Exercise description
Repeat the lines below exactly as they appear, but leave out the images.
Provided material Start Marker
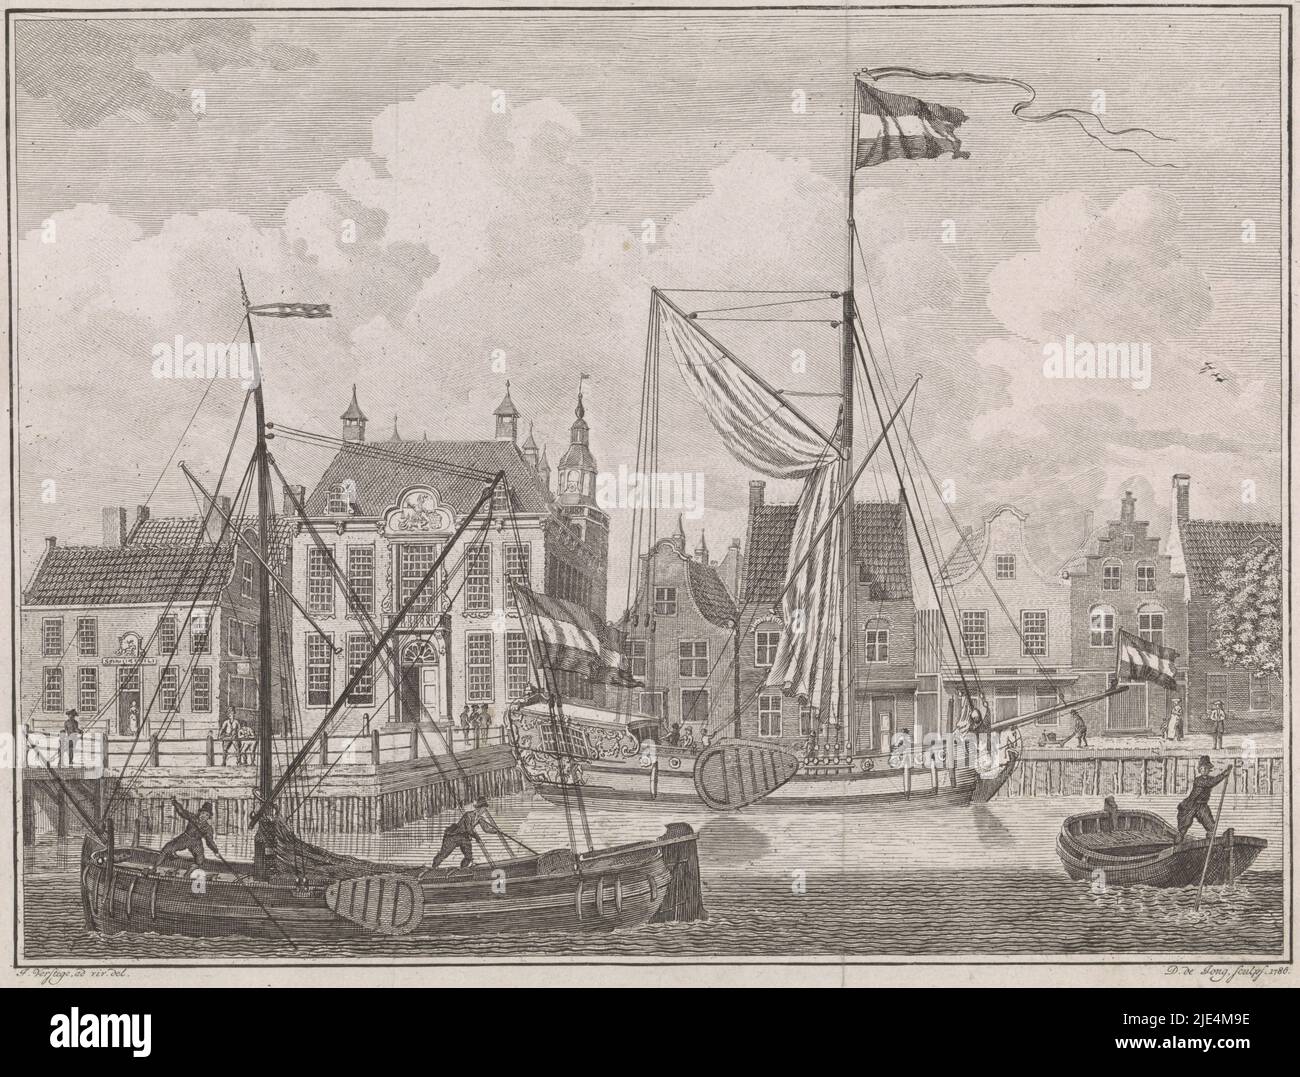 View of town hall at Harlingen, Dirk de Jong, after G. Verstege, 1786, View of the harbor and town hall at Harlingen. The Frisian state yacht is moored near the town hall. In the foreground are a tjalk and a praam. In the margin a caption in Dutch., print maker: Dirk de Jong, (mentioned on object), intermediary draughtsman: G. Verstege, (mentioned on object), Noord-Nederland, 1786, paper, etching, engraving, h 198 mm × w 251 mm Stock Photo
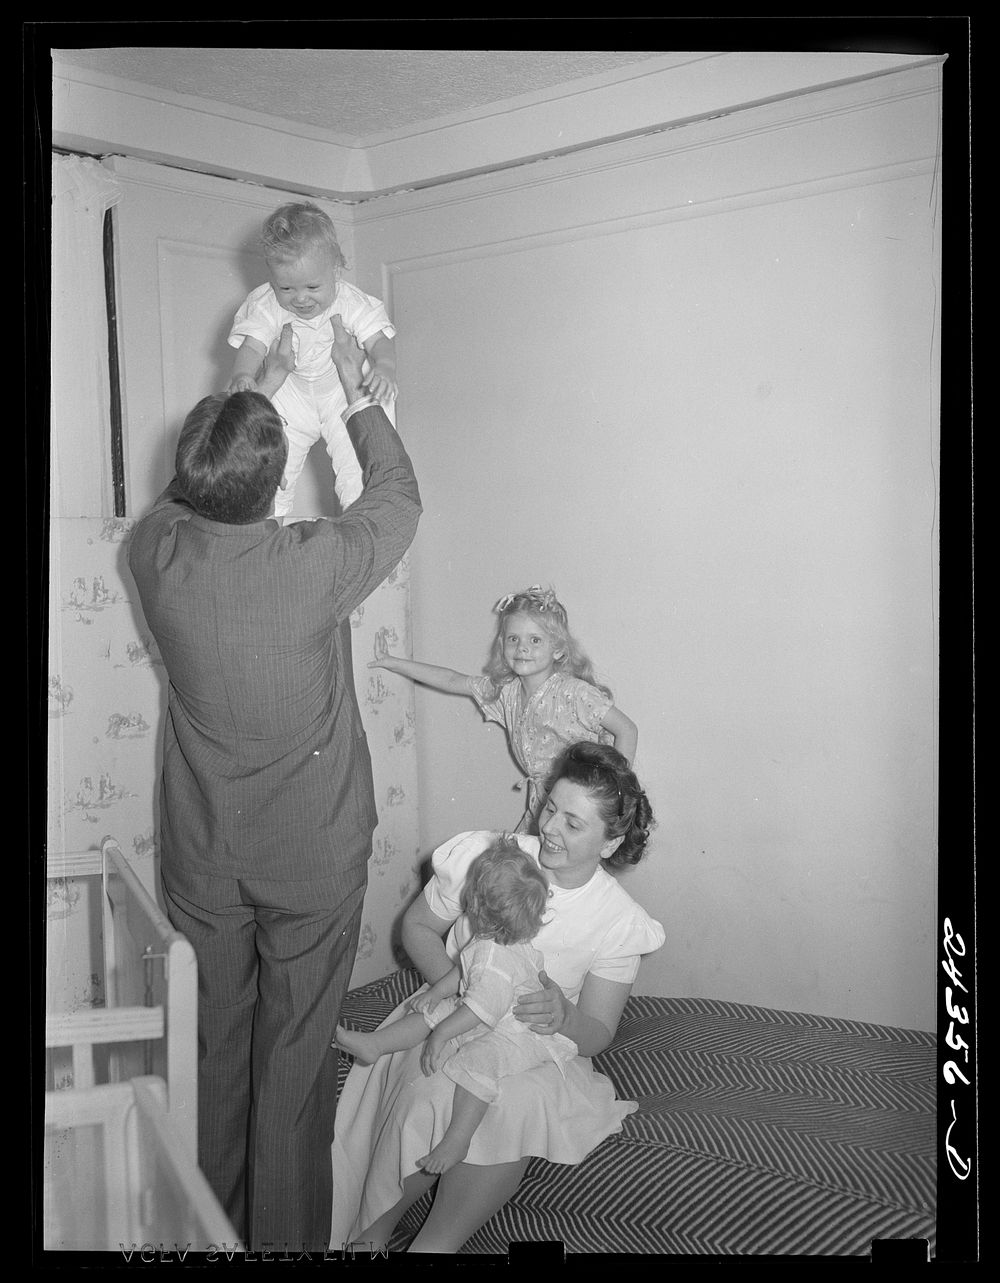 [Untitled photo, possibly related to: Family living at Forest Hills. New York City]. Sourced from the Library of Congress.
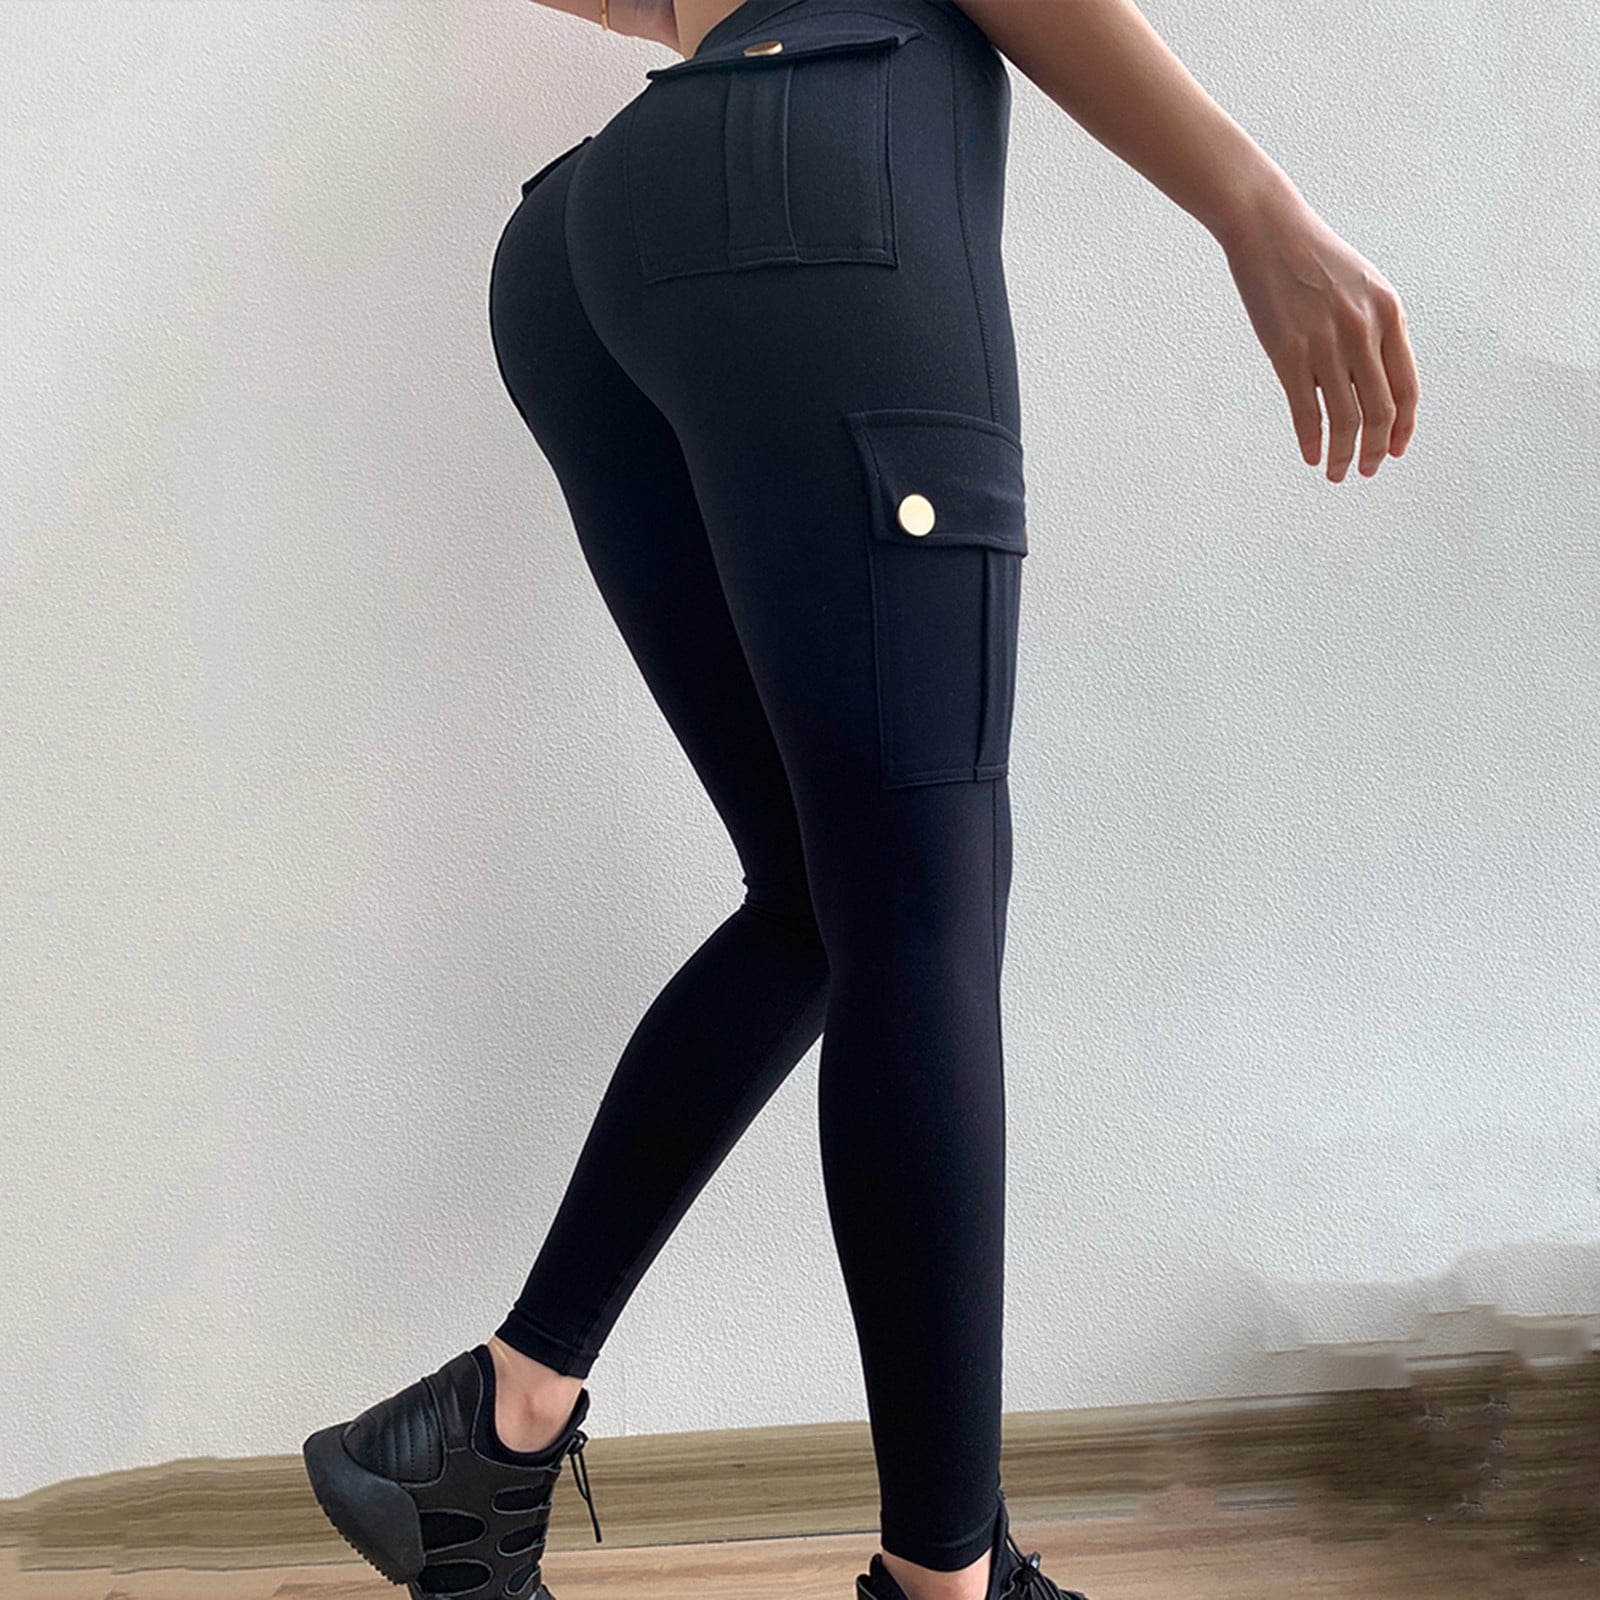 Kayannuo Yoga Pants with Pockets for Women Clearance Multi Pockets
Provided material End Marker
Expected output
 View of town hall at Harlingen, Dirk de Jong, after G. Verstege, 1786, View of the harbor and town hall at Harlingen. The Frisian state yacht is moored near the town hall. In the foreground are a tjalk and a praam. In the margin a caption in Dutch., print maker: Dirk de Jong, (mentioned on object), intermediary draughtsman: G. Verstege, (mentioned on object), Noord-Nederland, 1786, paper, etching, engraving, h 198 mm × w 251 mm Stock Photo
 [Untitled photo, possibly related to: Family living at Forest Hills. New York City]. Sourced from the Library of Congress.
 Kayannuo Yoga Pants with Pockets for Women Clearance Multi Pockets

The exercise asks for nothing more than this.